• ASSIGNMENT
For each line below, check for "Shoes"; give only the total of lines where it occurs.

(DATA EXTRACT begins)

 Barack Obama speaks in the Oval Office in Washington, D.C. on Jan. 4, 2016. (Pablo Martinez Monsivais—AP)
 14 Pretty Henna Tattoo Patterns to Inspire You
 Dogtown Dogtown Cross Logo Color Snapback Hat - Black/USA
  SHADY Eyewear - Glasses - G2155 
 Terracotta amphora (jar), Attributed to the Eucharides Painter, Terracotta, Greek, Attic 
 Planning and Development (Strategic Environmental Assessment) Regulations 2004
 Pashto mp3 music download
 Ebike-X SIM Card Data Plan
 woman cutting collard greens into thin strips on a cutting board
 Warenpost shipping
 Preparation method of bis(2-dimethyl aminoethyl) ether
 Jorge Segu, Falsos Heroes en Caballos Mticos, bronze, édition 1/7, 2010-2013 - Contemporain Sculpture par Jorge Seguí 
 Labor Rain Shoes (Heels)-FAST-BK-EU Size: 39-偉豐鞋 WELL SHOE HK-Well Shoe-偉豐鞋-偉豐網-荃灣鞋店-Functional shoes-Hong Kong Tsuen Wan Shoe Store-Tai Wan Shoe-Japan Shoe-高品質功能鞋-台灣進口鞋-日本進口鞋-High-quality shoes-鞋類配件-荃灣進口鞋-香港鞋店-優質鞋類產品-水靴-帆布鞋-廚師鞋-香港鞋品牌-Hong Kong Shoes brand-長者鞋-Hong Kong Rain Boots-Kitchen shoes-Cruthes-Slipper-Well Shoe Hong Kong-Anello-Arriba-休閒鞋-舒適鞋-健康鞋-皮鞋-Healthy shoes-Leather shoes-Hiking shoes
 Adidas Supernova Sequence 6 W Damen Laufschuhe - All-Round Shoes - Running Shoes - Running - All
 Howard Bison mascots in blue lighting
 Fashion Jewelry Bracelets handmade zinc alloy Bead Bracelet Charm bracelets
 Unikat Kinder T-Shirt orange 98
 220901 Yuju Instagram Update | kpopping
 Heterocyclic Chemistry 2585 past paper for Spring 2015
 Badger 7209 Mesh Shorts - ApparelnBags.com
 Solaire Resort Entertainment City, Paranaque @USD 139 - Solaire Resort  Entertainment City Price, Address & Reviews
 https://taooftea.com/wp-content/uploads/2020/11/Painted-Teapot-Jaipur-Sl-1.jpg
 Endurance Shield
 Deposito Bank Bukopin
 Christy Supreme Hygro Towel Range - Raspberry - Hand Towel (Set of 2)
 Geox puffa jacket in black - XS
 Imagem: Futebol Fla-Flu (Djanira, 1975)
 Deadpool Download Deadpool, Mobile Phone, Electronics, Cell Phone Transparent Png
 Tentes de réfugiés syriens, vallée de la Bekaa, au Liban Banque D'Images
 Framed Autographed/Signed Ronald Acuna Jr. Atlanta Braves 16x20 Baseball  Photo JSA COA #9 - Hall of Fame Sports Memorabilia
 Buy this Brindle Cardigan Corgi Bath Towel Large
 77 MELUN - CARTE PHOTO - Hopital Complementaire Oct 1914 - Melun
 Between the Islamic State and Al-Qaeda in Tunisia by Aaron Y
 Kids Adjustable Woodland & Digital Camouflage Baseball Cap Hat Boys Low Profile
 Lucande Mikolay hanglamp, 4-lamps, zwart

(DATA EXTRACT ends)

• EXERCISE ANSWER
2